Context
InsightLoop, a B2B SaaS analytics company, collects product events from web SDKs, backend services, and third-party CRM exports. Today, data arrives through a mix of nightly CSV uploads and ad hoc API pulls into PostgreSQL, causing inconsistent schemas, duplicate records, and 8-12 hour reporting delays.
You need to design a modern data collection and analysis pipeline that supports both near-real-time operational analytics and scheduled batch reporting. The system must standardize ingestion, validate data quality, and produce analytics-ready tables for BI and downstream data science use cases.
Scale Requirements
- Sources: 3 primary sources initially: web/mobile events, application database CDC, daily SaaS exports
- Throughput: 120K events/sec peak, 25K avg
- Event size: 1-3 KB JSON for streaming events; 50-200 GB/day for batch files
- Latency: <2 minutes for streaming data to warehouse, <2 hours for batch sources
- Storage: 6 TB/day raw, 18 months retained in data lake, curated warehouse tables retained indefinitely
- Consumers: 150 BI users, 20 scheduled dashboards, 8 downstream ML/analytics jobs
Requirements
- Design an ingestion layer for both streaming and batch data sources.

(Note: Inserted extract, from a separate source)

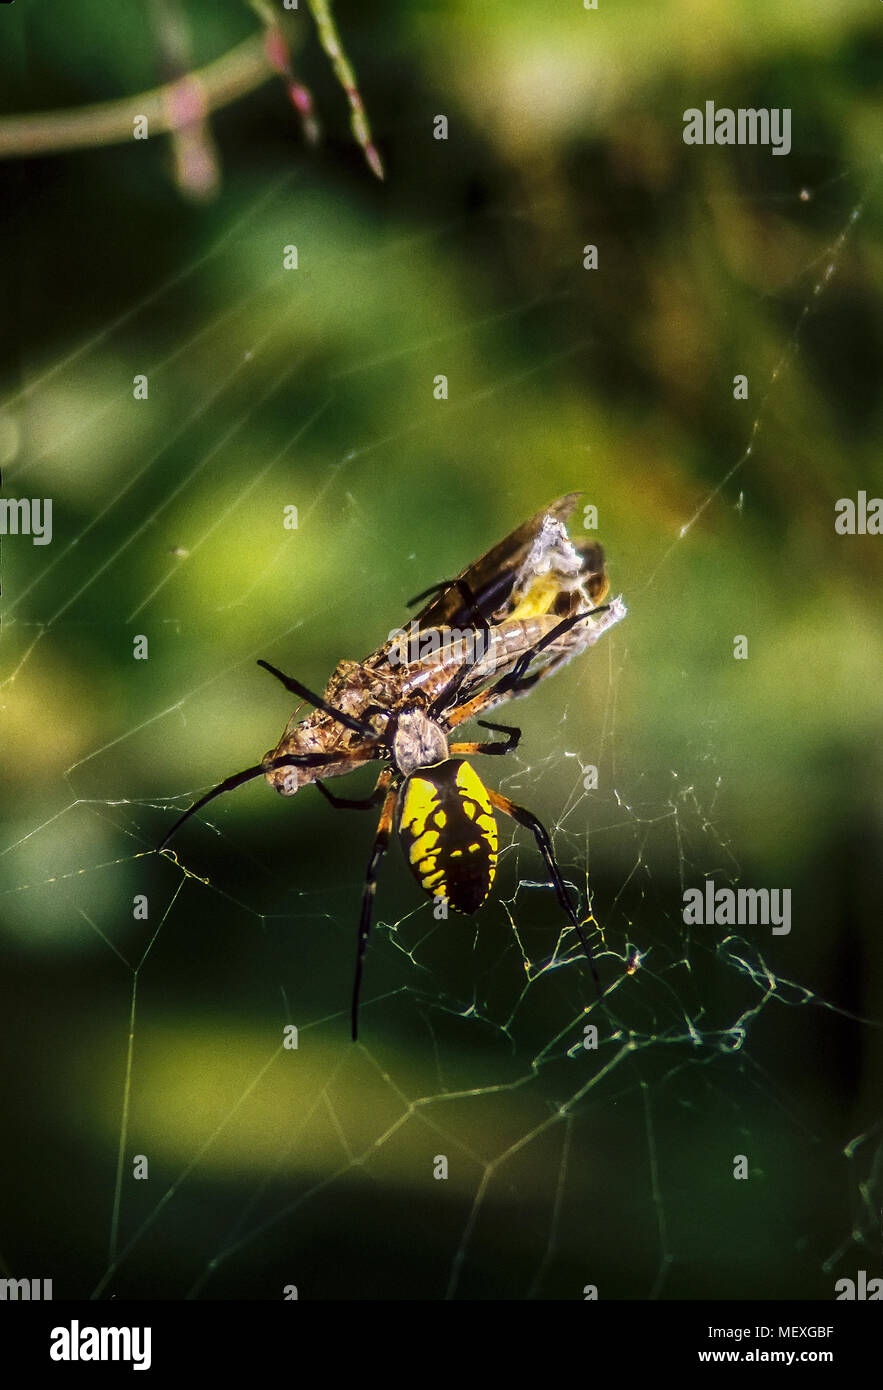 A Yellow Garden Spider, Argiope aurantia, kills and wraps a grasshopper in silk after it became stuck in the spider's web. Stock Photo

- Define how you would handle schema evolution, deduplication, and late-arriving data.
- Build raw, cleaned, and curated layers suitable for analytics and backfills.
- Ensure idempotent processing for retries and replays.
- Orchestrate transformations and dependencies between ingestion, validation, and warehouse modeling.
- Propose monitoring for freshness, throughput, failed loads, and data quality.
- Support replay/backfill of the last 90 days without corrupting downstream tables.
Constraints
- Cloud environment is AWS; Snowflake is already the company warehouse.
- Team has strong SQL/dbt skills, moderate Spark experience, and limited Kafka operations expertise.
- Incremental platform budget is capped at $35K/month.
- Must meet SOC 2 controls and support deletion requests within 7 days for regulated customer data.